What average force is required to stop a 1500 kg car in 9.0 s if the car is traveling at 95 km/h ?

2 Answers
Feb 28, 2018

I got #4400N#

Explanation:

We can use the Impulse-Change in Momentum Theorem:

#F_(av)Deltat=Deltap=mv_f-mv_i#

so we get:

#F_(av)=(mv_f-mv_i)/(Deltat)=(1500*0-1500*26.4)/9=-4400N# opposite to the motion direction.

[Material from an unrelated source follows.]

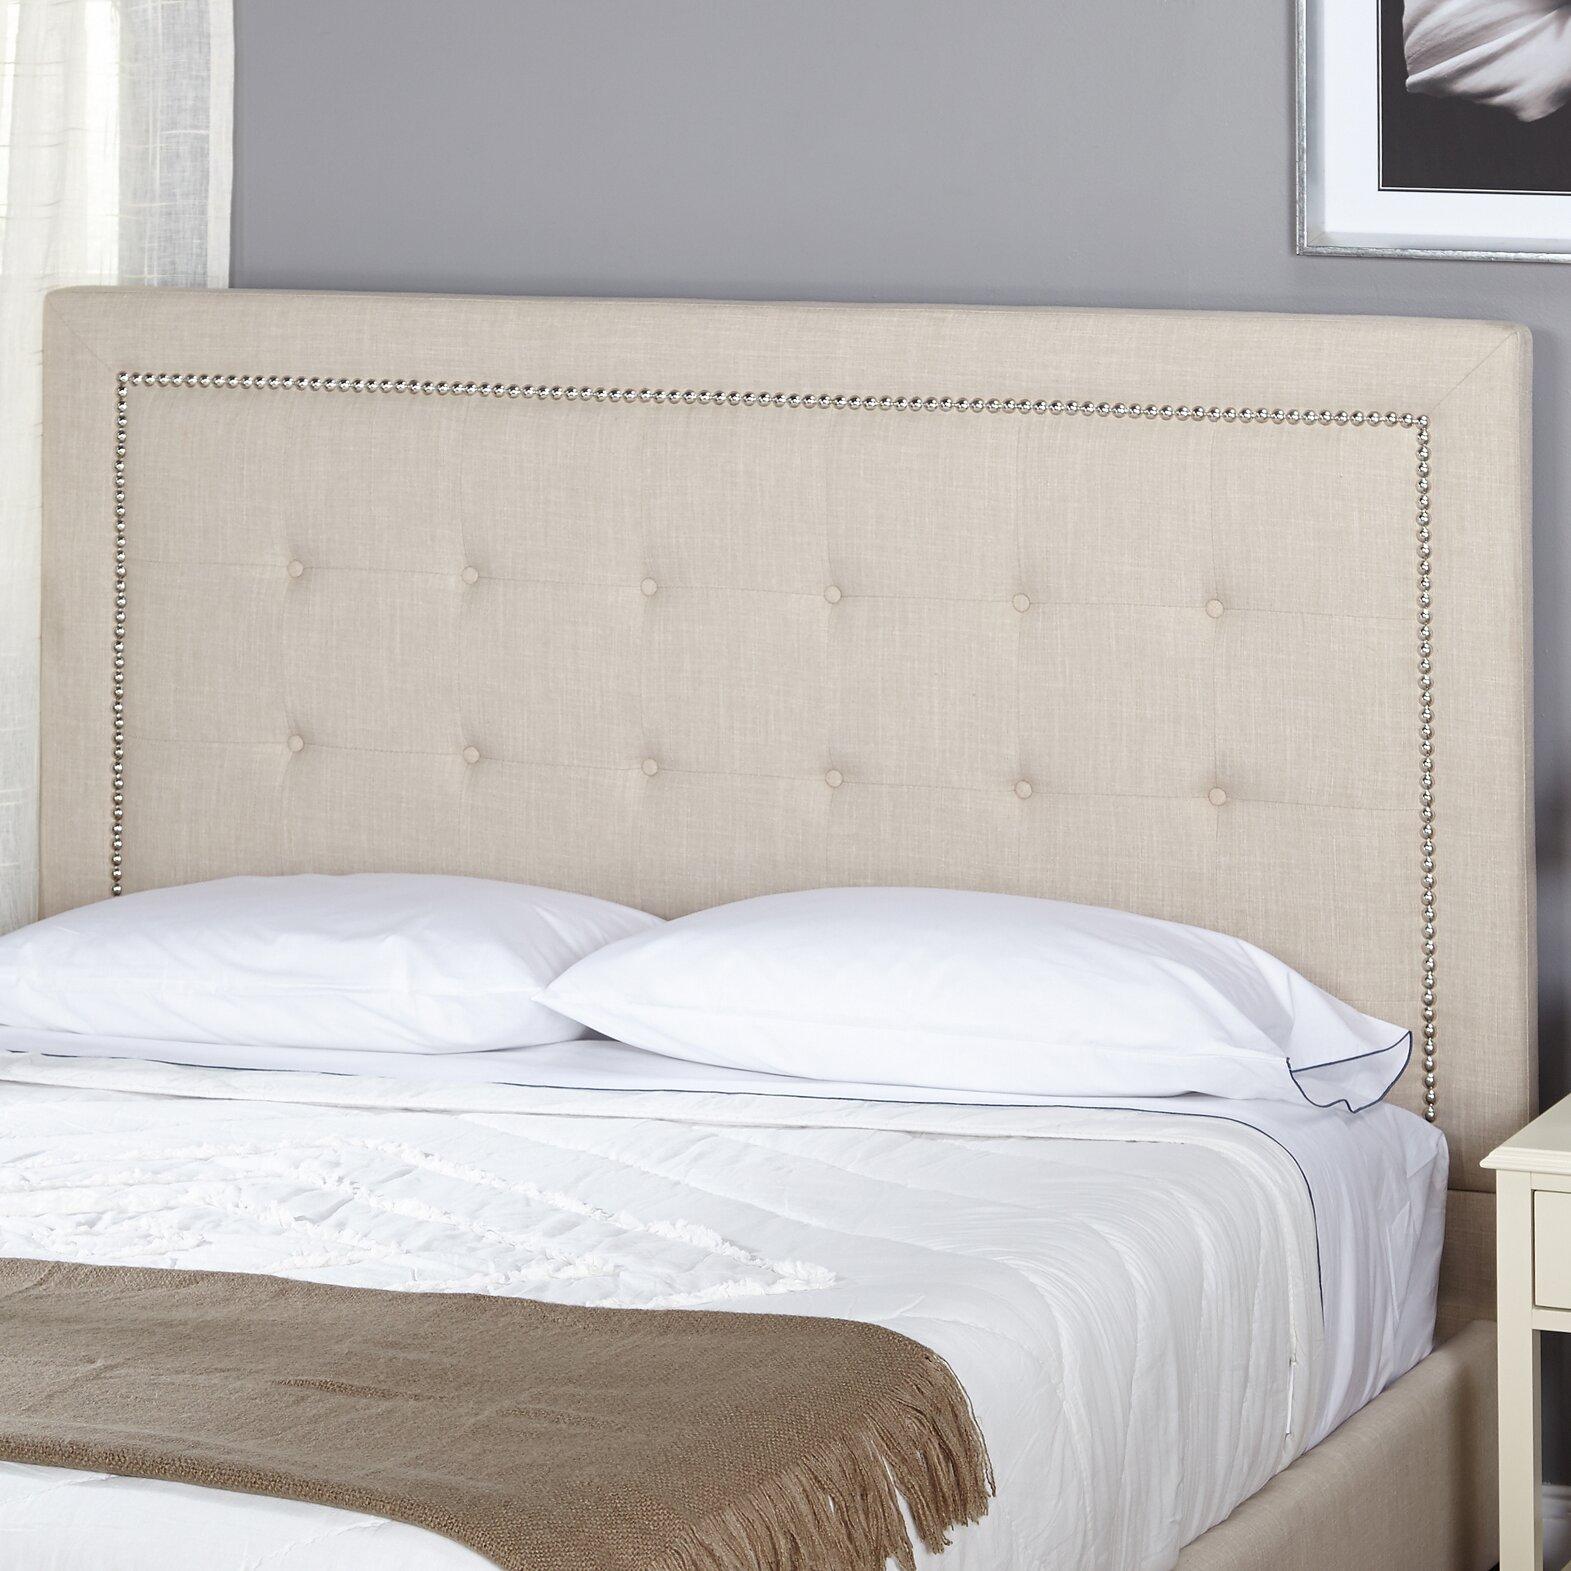 Bed headboard upholstered - Cortina Queen Upholstered Panel Headboard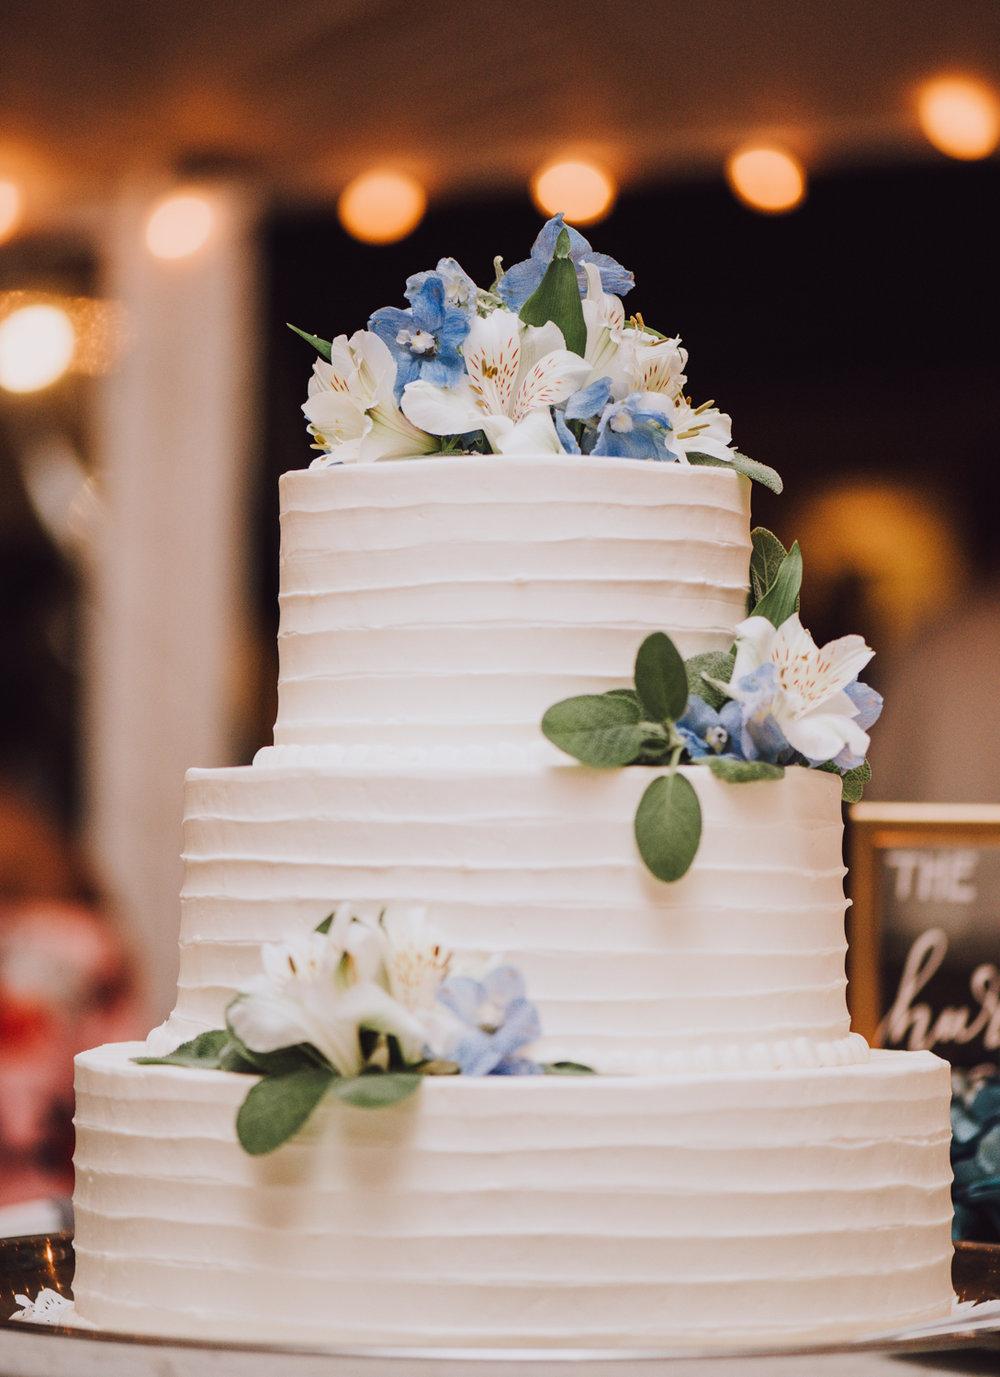 maureen_evan_wedding_wedding_cake_black_dog_bakery_marthas_vineyard-4316.jpg

where I changed #(km)/h# into #m/s#.

Feb 28, 2018

#F_(ave)= 4398.148148kg((m)/(s^2))# or #N#

Explanation:

From Newton's second law of motion,
#F=ma#

where F is the force, a is the acceleration and m is the mass
acceleration = #(v_f-v_i)/t#

where #v_f# is the final velocity and #v_i# is the initial velocity
and #t# is the time in seconds.

So,

#F=((v_f-v_i)/t)*m#
#F=((0-(26.38888889)(km)/s)/(9s))*1500 kg = -4398.148148N#

The minus sign indicates the direction of the force is to the opposite side

*I have converted its speed from #95(km)/h# to #26.38888889(m)/s#.